== Work request ==
For the material below, the expected output is exactly the lines between the line holding "Preparing your toddler" and the line holding "Take a look", inclusive, with pictures left out.

== Data for processing ==
^^^^^^^^

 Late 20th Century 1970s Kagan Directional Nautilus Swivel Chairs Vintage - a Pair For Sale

^^^^^^^^

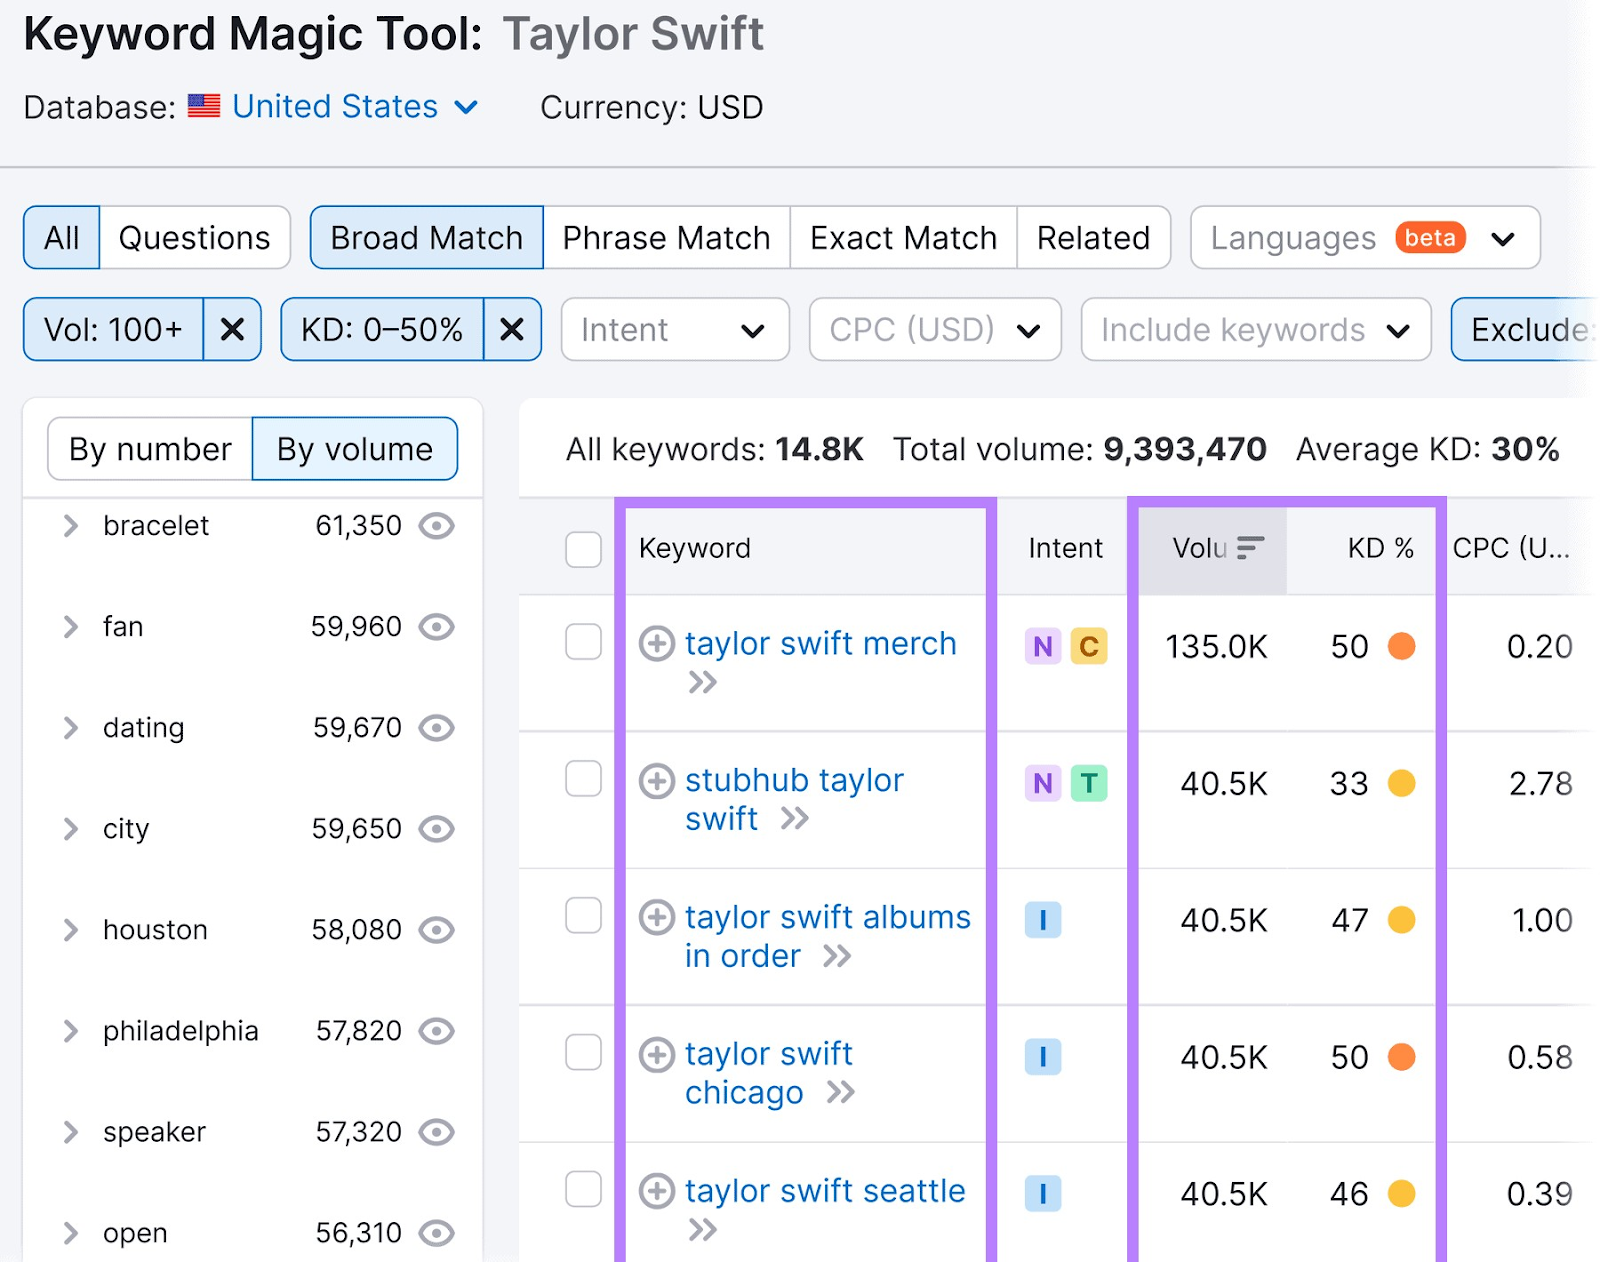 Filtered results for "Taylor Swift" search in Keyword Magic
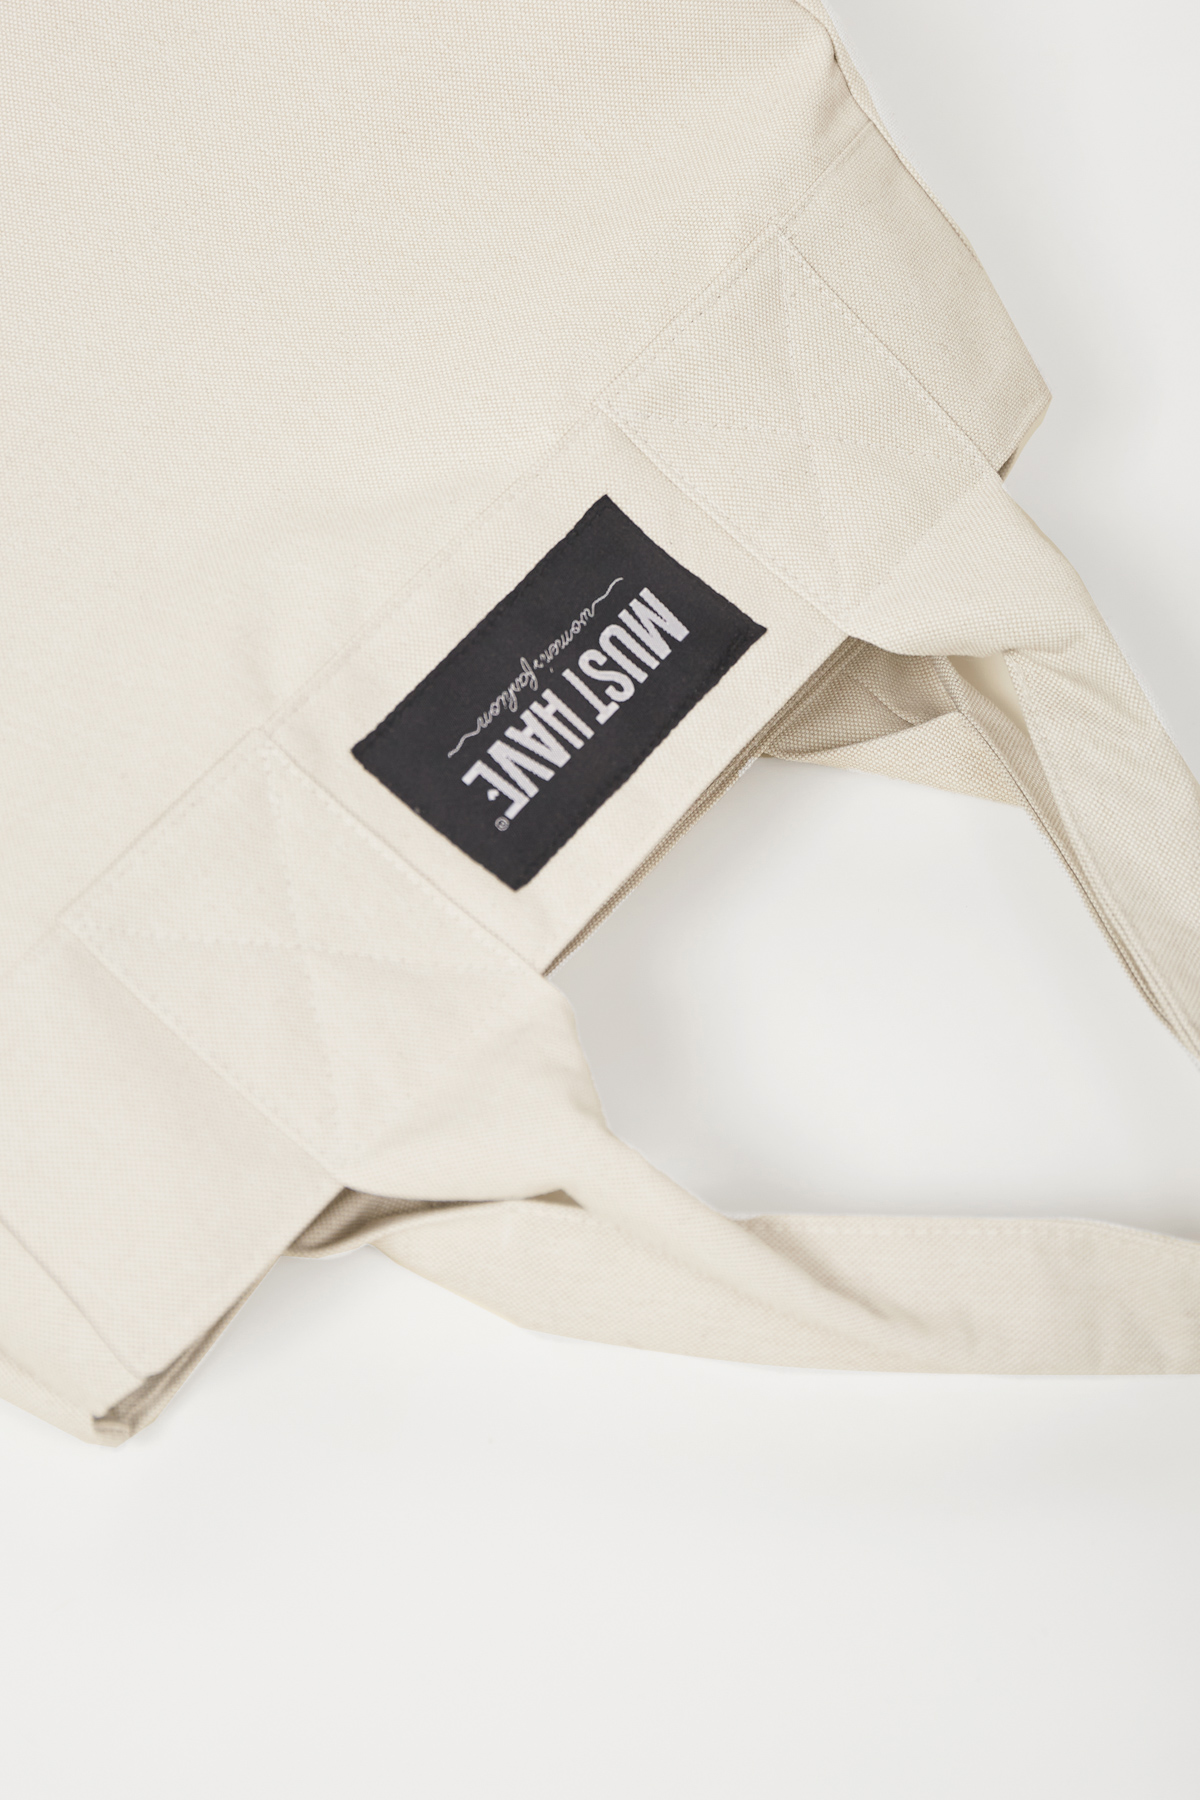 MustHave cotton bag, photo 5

^^^^^^^^

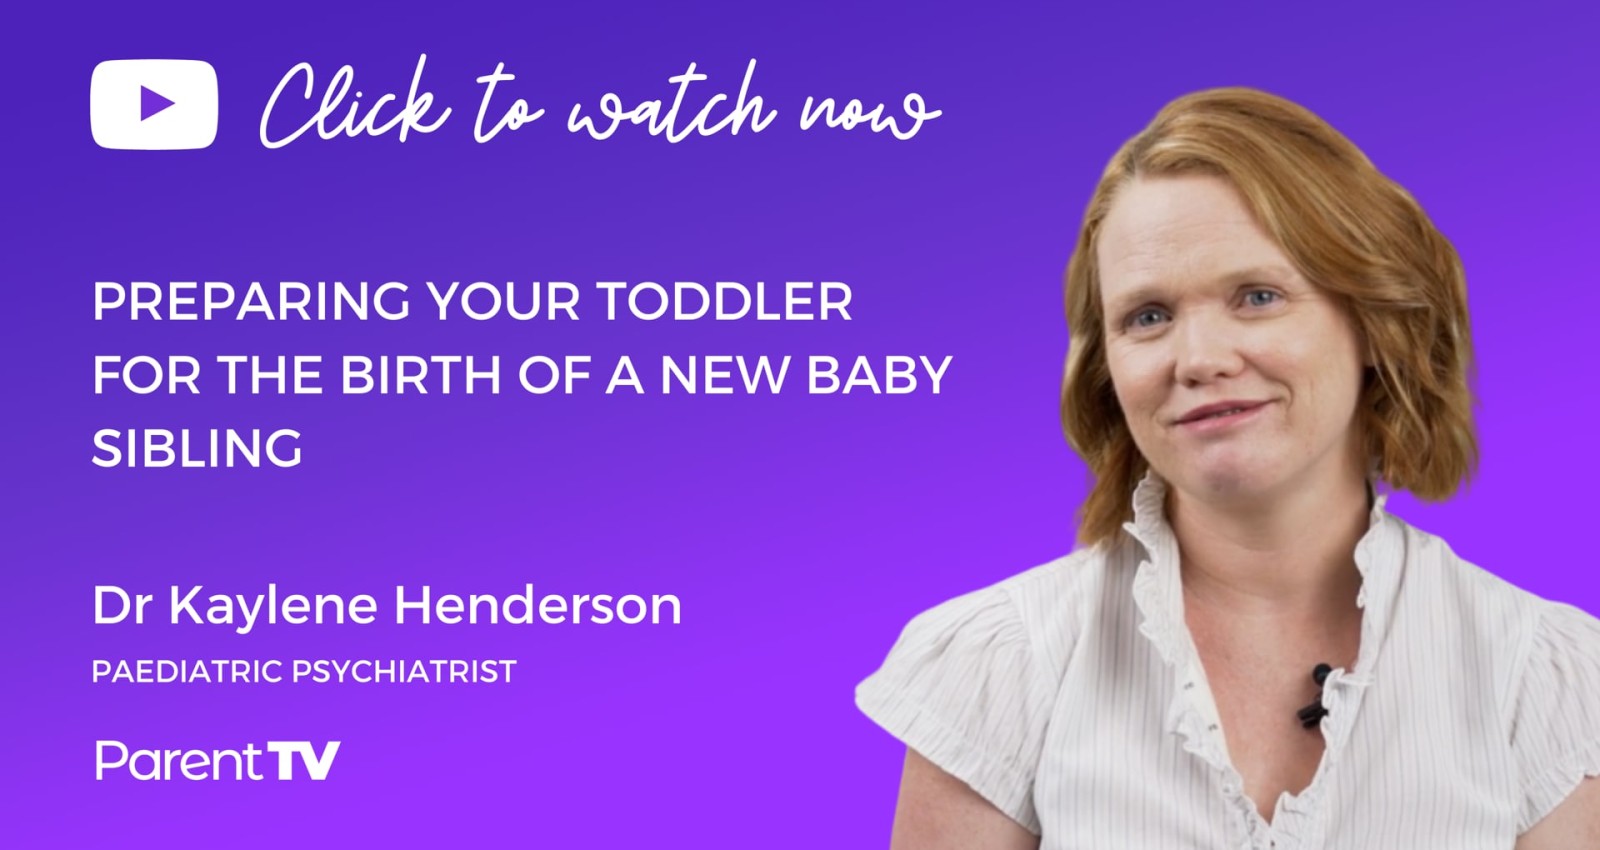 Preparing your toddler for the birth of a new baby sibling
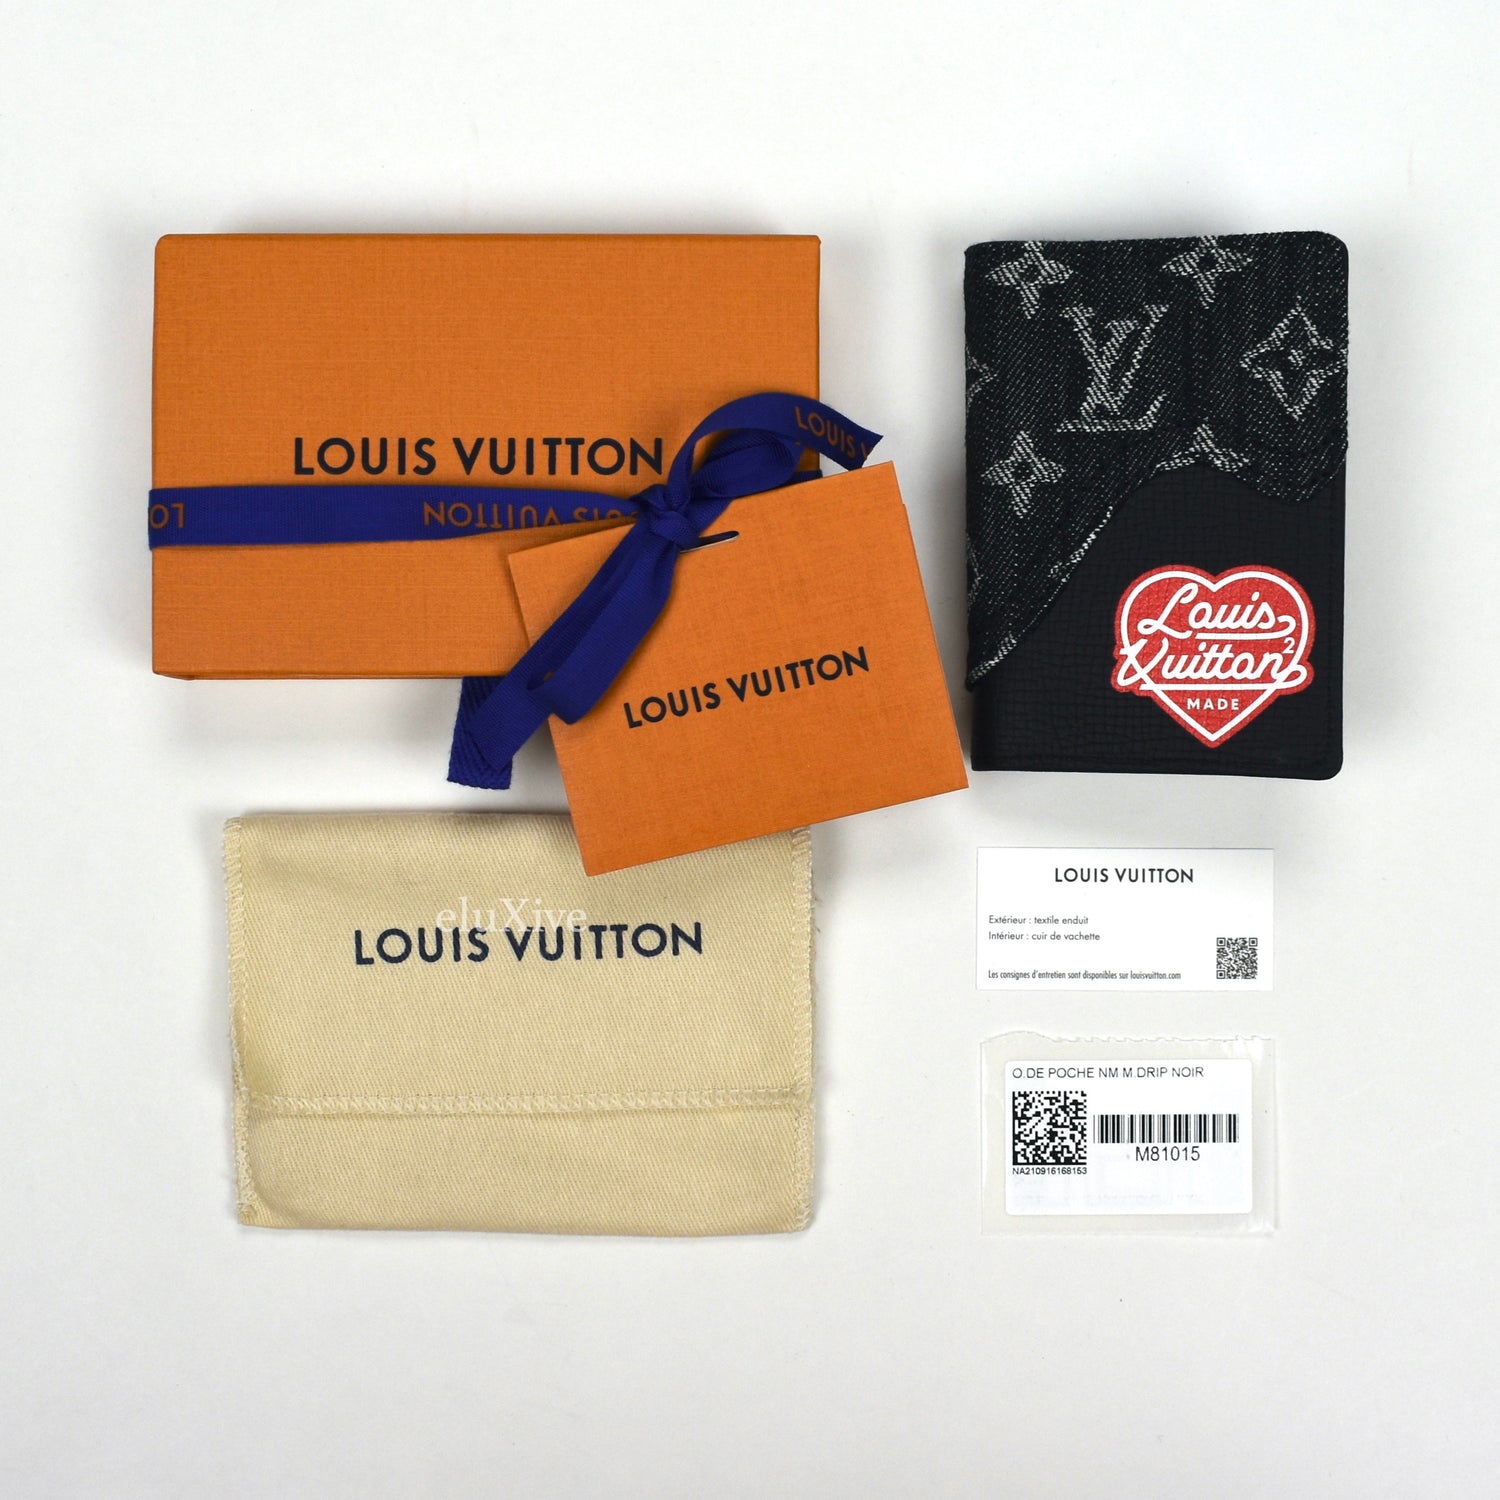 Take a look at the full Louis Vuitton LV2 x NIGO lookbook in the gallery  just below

^^^^^^^^

== Result ==
 Preparing your toddler for the birth of a new baby sibling
 Take a look at the full Louis Vuitton LV2 x NIGO lookbook in the gallery  just below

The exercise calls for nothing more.